Drones Now Reveal Earthquake Threats Deep in the Ocean

Drones Now Reveal Earthquake Threats Deep in the Ocean
David Chadwell and a team of geophysicists have created a drone that is capable of detecting earthquakes within a subduction zone — something that current technology has a hard time achieving.The new drones will replace ships that are capable of tracking acoustic beacons along the seafloor, which in turn can locate potential earthquakes by providing a GPS position.The drone technology from Chadwell’s team will not only cut costs by replacing expensive ships but will also offer more reliable readings on potential earthquakes. The current ships used by the National Science Foundation (NSF) can cost up to $50,000 a day. The new drone technology would only cost around $500 a day.

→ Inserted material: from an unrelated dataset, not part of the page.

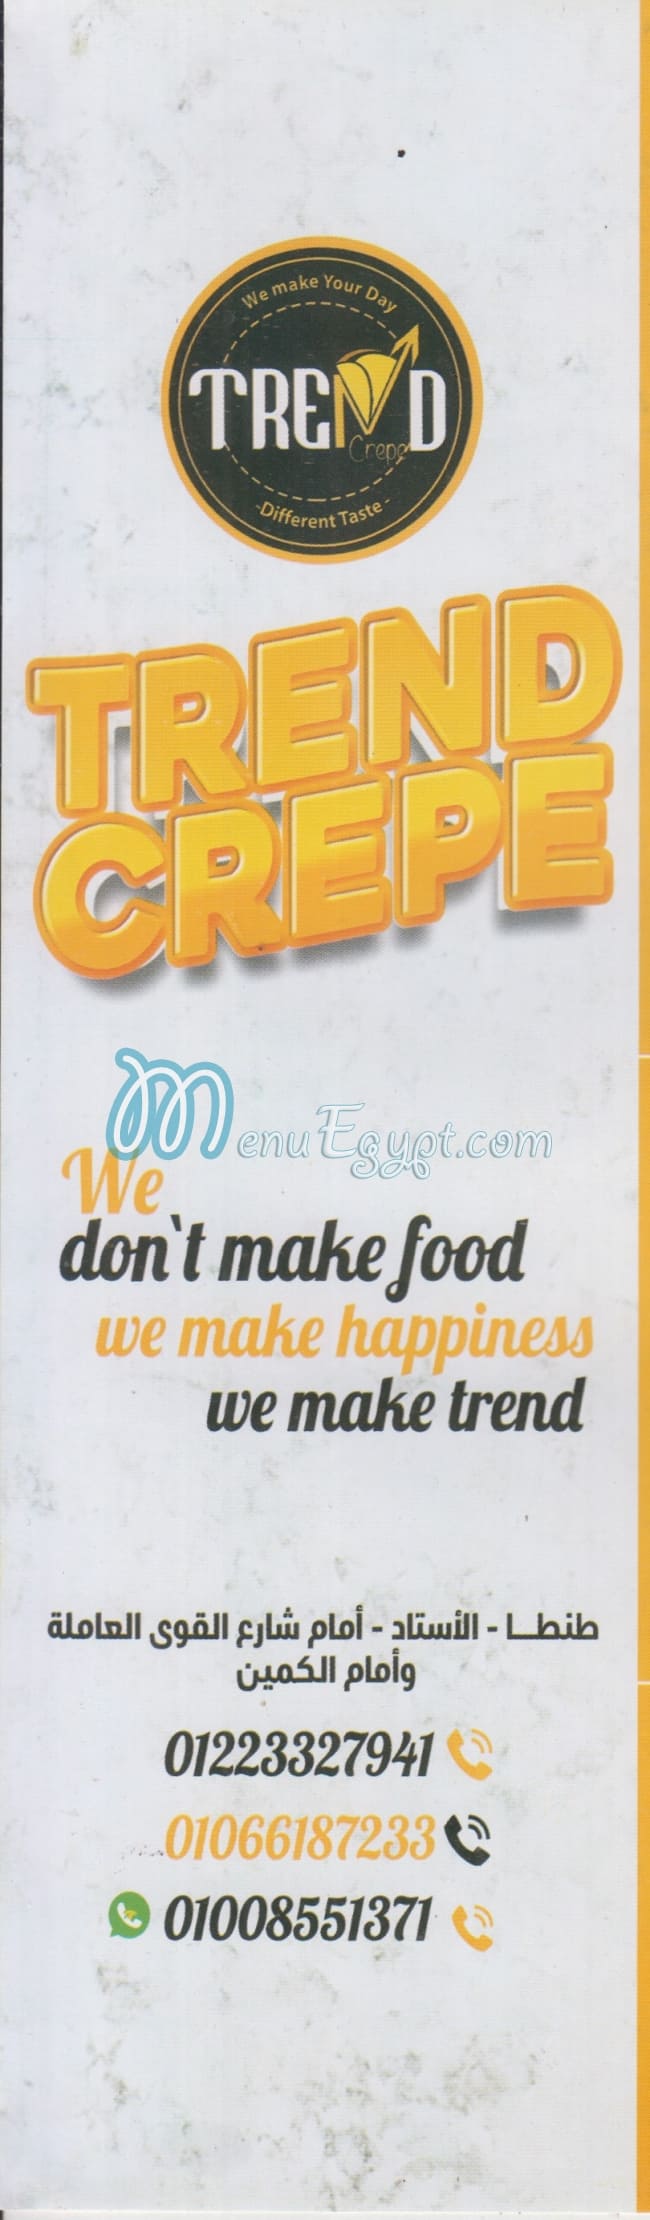 Trend Crepe menu

Laura Wallace, a geodetic scientist told Science Magazine that the new technology was “going to make a huge difference,” after the NSF purchased three drones from Chadwell’s team for $5.5 million to survey 16 different seafloor sites.

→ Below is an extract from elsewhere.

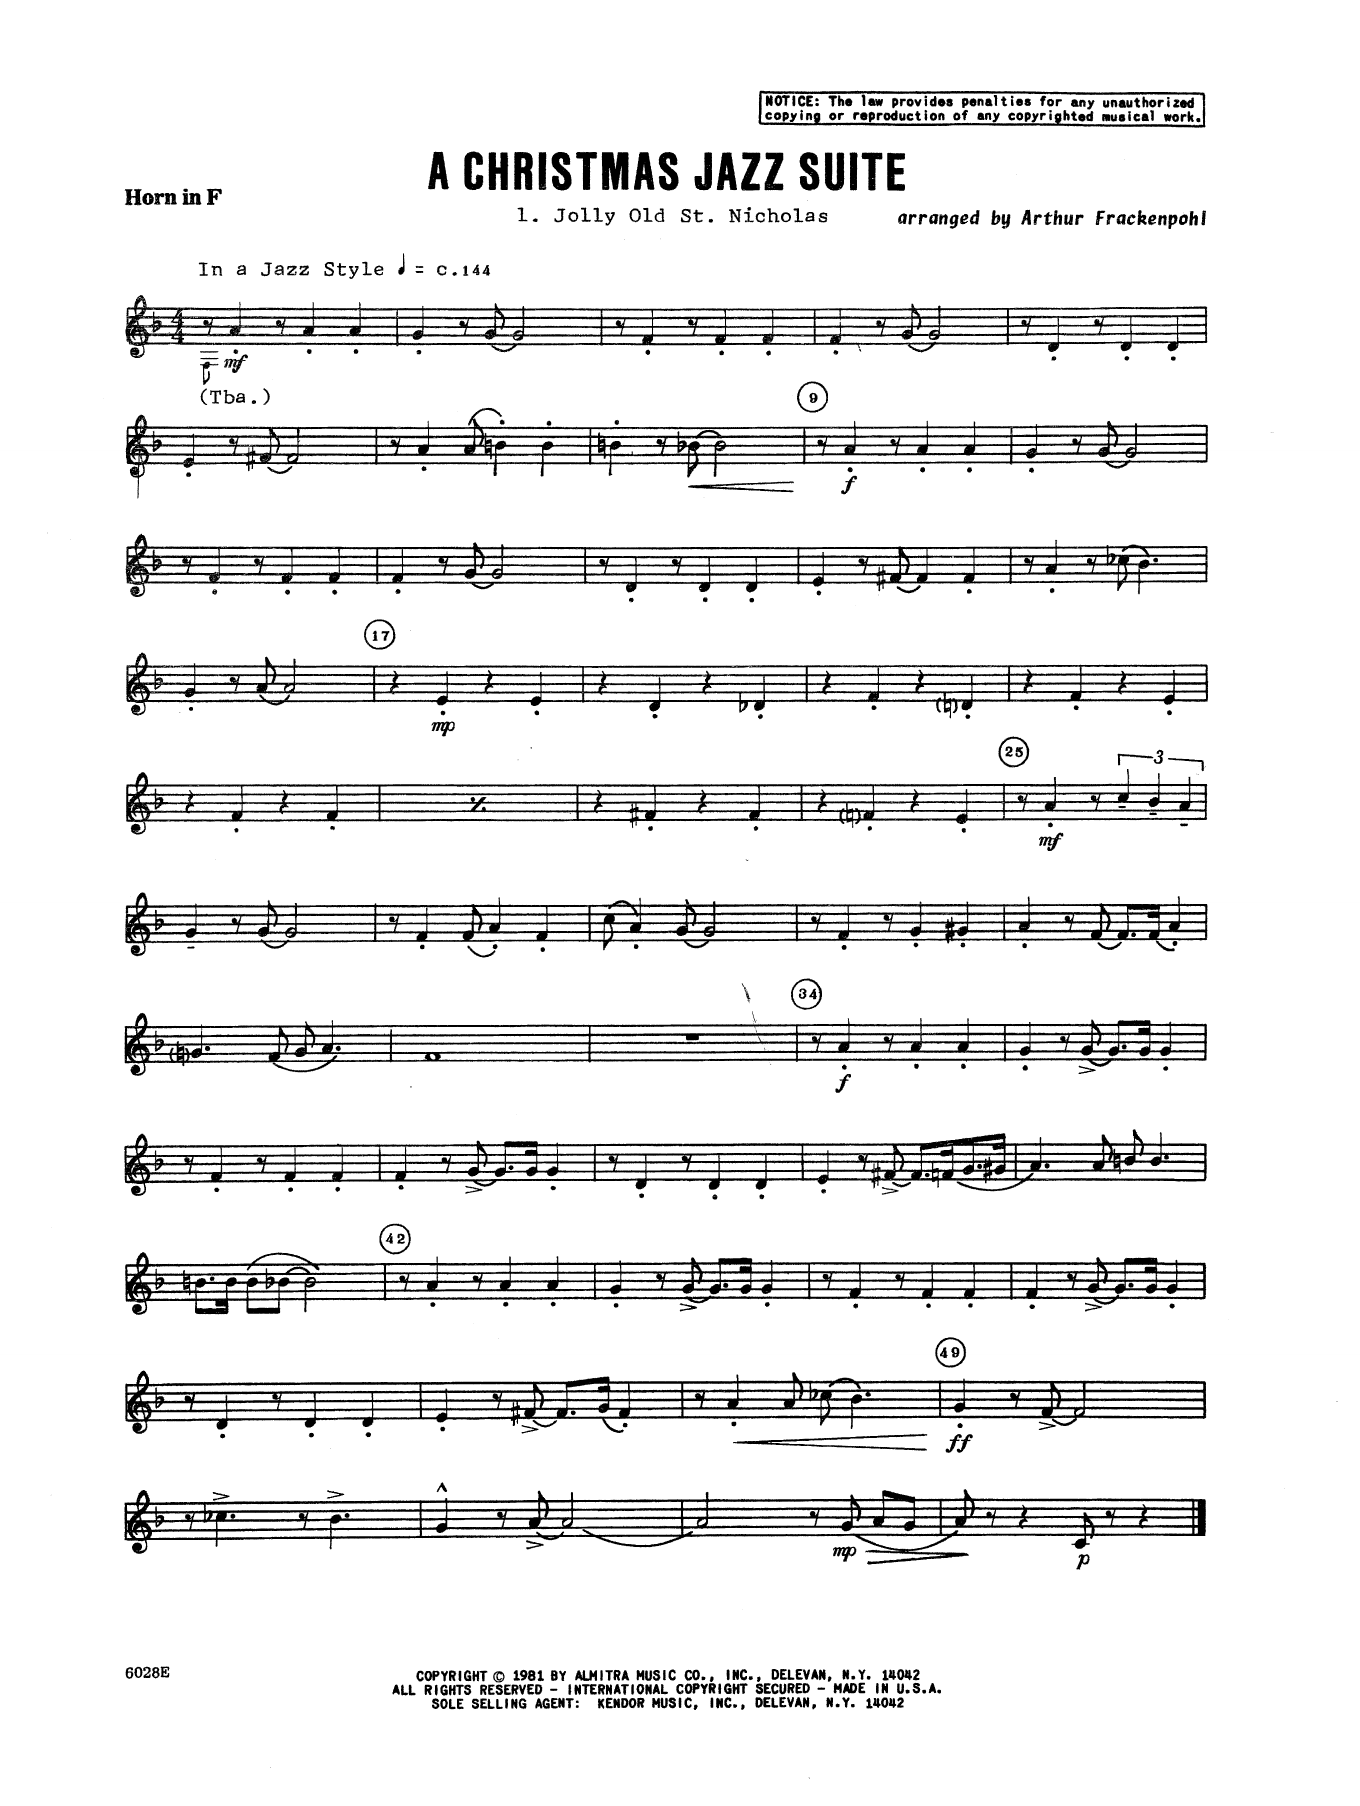 Download Arthur Frackenpohl Christmas Jazz Suite - Horn in F Sheet Music

The NSF is hoping to use this technology to learn more about a potential earthquake in the Cascadia subduction zone, which is located just off the Pacific Northwest. Previous reports indicate that a sizable earthquake could be the result of the zone rupturing.

With the new drone technology, the NSF is hoping to be able to pull in more information about earthquake threats deep in the ocean. Hopefully, the NSF will continue to fund research from groups like Chadwell’s so that it can uncover more information on any potential threats.